Introduction
Atlassian has opened its Teamwork Graph—a living map of over 150 billion objects and relationships across Jira, Confluence, Jira Service Management, and dozens of connected SaaS tools—to any MCP-compliant agent. This means developers using Claude Code, IDE copilots, or other third-party agents can now query the same rich context that powers Atlassian’s own Rovo platform. By leveraging the graph’s built-in reasoning, you replace messy RAG dumps with precise, multi-hop traversals that keep context windows clean and your agent’s intelligence focused where it matters.

This guide walks you through the steps to connect your MCP-compliant agent to the Teamwork Graph, from setting up the required tools to executing your first Cipher query.
What You Need
- An active Atlassian account with access to Jira, Confluence, or Jira Service Management (any tier).
- An MCP-compliant agent (e.g., Claude Code, VS Code Copilot, or a custom agent).
- Basic familiarity with command-line interfaces and MCP concepts.
- A modern web browser (for testing with Rovo Chat if desired).
Step‑by‑Step Guide
Step 1: Enable MCP Server Access in Your Atlassian Instance
Before any agent can talk to the graph, your Atlassian organization must allow MCP server connections. This is a one-time setup typically done by an admin.
- Log into your Atlassian admin console (admin.atlassian.com).
- Navigate to Products > Data Management > Integrations.
- Enable MCP Server Access under the “Teamwork Graph” section.
- Generate an API token that your agent will use for authentication.
Step 2: Install and Configure the Teamwork Graph CLI Tool
Atlassian provides a command-line tool (in open beta) to interact with the graph directly. You’ll need it to test queries and to feed your agent with context.
- Download the CLI from the official Teamwork Graph website (teamworkgraph.com).
- Install it using your OS package manager or by extracting the binary into a directory in your PATH.
- Run
twg configureand paste the API token you generated in Step 1. - Verify connectivity with
twg status– you should see a confirmation that the graph is reachable.
Step 3: Point Your MCP Agent to the Teamwork Graph Server
Now you tell your agent (e.g., Claude Code) to use Atlassian’s MCP server as a context source.
- Open your agent’s configuration file (for Claude Code it’s
claude_desktop_config.json). - Add a new MCP server entry with the URL:
https://mcp.atlassian.com/v1and include your API token as a bearer token. - Reload the agent or restart it so the new server is recognized.
- Test the connection by asking your agent a simple question like “How many open Jira issues are assigned to me?” – if it works, the agent will query the graph.
Step 4: Write Your First Cipher Query for Multi‑Hop Traversal
The Teamwork Graph uses a query language called Cipher (not to be confused with Cypher). Rather than dumping raw text, you tell the agent to traverse relationships across objects.

- Open the CLI tool and try a basic Cipher query:
twg query "MATCH (p:Person)-[:WORKS_ON]->(j:JiraTicket) WHERE p.name = 'YourName' RETURN j.summary" - For a multi-hop example, find decisions linked to a project:
MATCH (pr:Project)-[:HAS_DECISION]->(d:Decision) RETURN d.text - Incorporate these queries into your agent’s prompts.
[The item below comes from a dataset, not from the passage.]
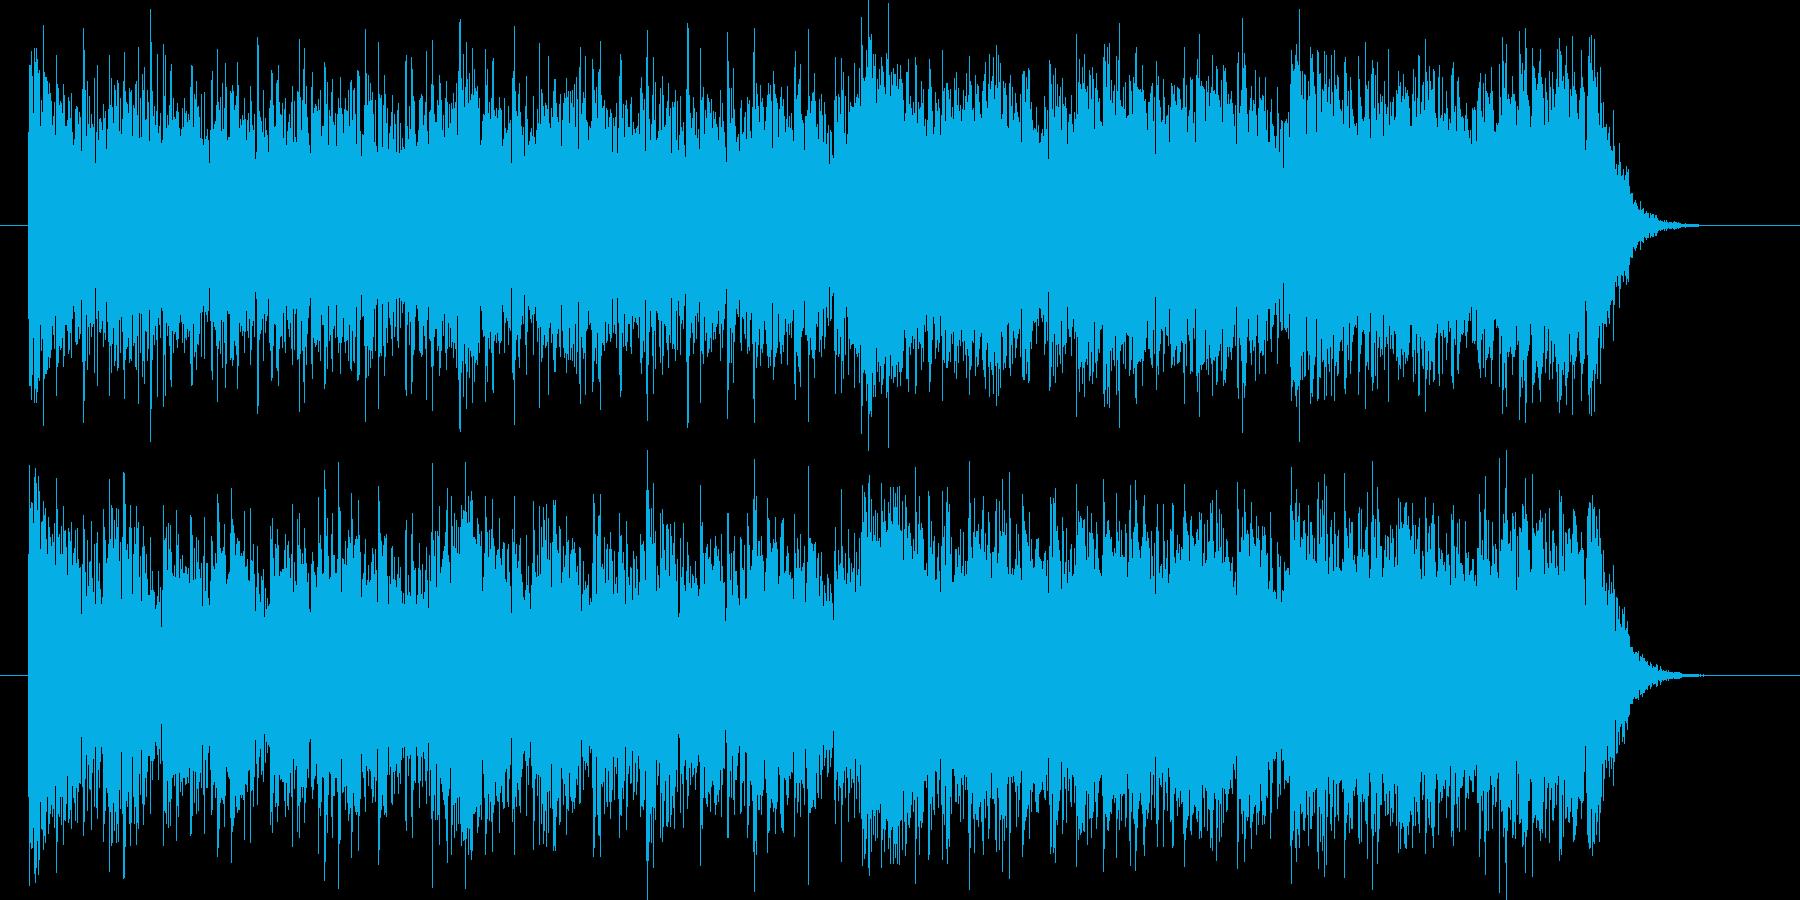 勇ましく重厚な管楽器中心のインスト曲の再生済みの波形

For instance, instruct Claude Code to “Use Cipher to find the latest Confluence page related to Project Alpha and summarize it.”
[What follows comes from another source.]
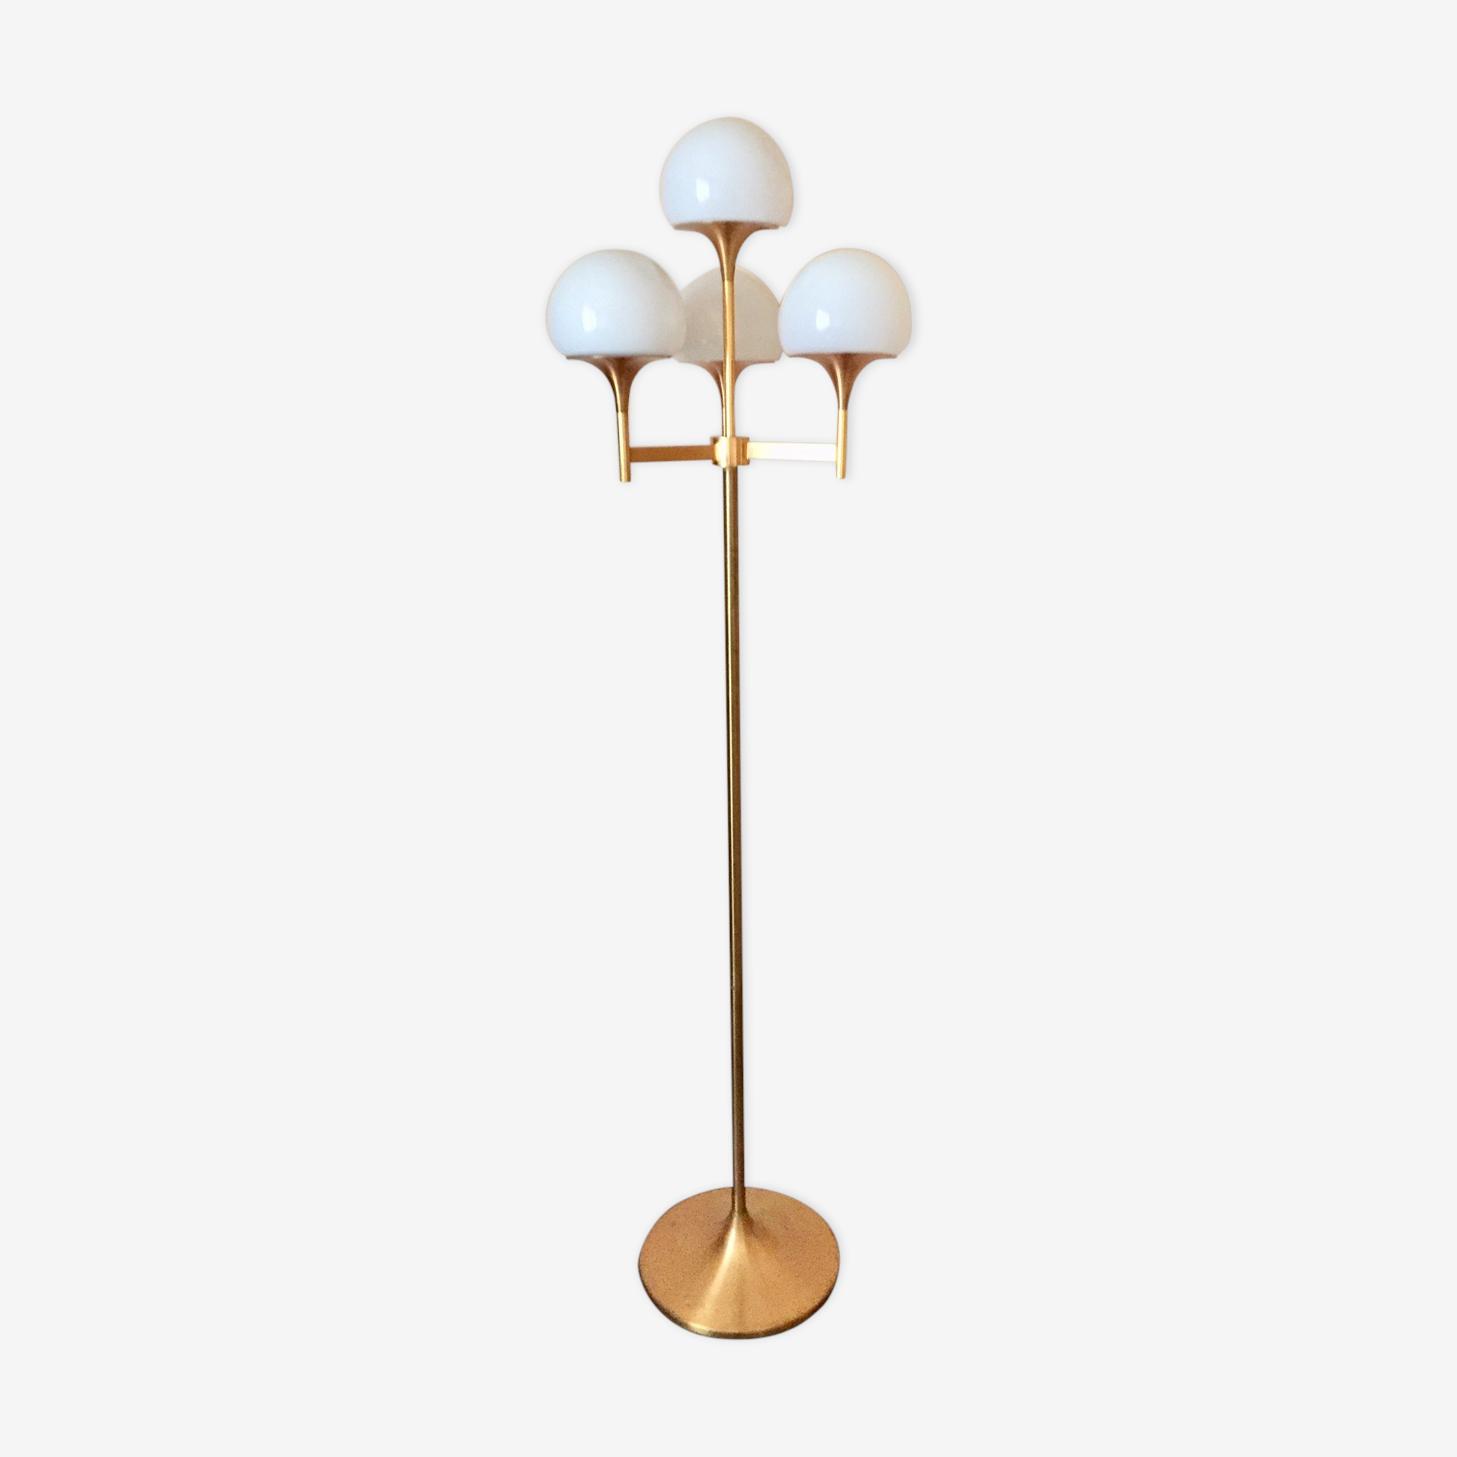 Lampadaire doré design Italien années 70

- Your agent will run the Cipher query through the MCP server and return only the relevant context, keeping the context window lean.
Step 5: Test with Rovo Chat’s “Max” Mode (Optional)
If you want a quick no-code validation, use Atlassian’s Rovo Chat with the new Max mode, described as a “mini Claude Code” with Teamwork Graph context built in.
- Open Rovo Chat in your browser (from your Atlassian product toolbar).
- Switch to Max mode from the dropdown.
- Ask a complex question that requires linking data across projects, e.g., “Show me all unresolved incidents in Service Management that are linked to Confluence documents I edited last week.”
- Observe how the agent returns a concise answer without dumping raw text – this is the same intelligence your external agent will have.
Tips for Maximum Effectiveness
- Start simple: Begin with single-hop queries before trying multi-hop traversals. The graph is vast; let your agent “learn” the schema gradually.
- Monitor context usage: One advantage of Cipher is that it avoids stuffing the context window. Use your agent’s debug logs to see how many tokens are being consumed per query.
- Combine with RAG for hybrid calls: For unstructured data not yet in the graph, you can fall back to RAG. The Teamwork Graph excels at relationships, not raw text retrieval.
- Keep your token secure: Treat the API token like a password. Rotate it periodically and use environment variables instead of hardcoding.
- Explore the public site: The new teamworkgraph.com offers documentation, sample queries, and a sandbox for testing Cipher syntax.
By following these steps, you’ll effectively integrate external AI agents with Atlassian’s context layer—turning your enterprise data into a reasoning backbone rather than a dump of raw text.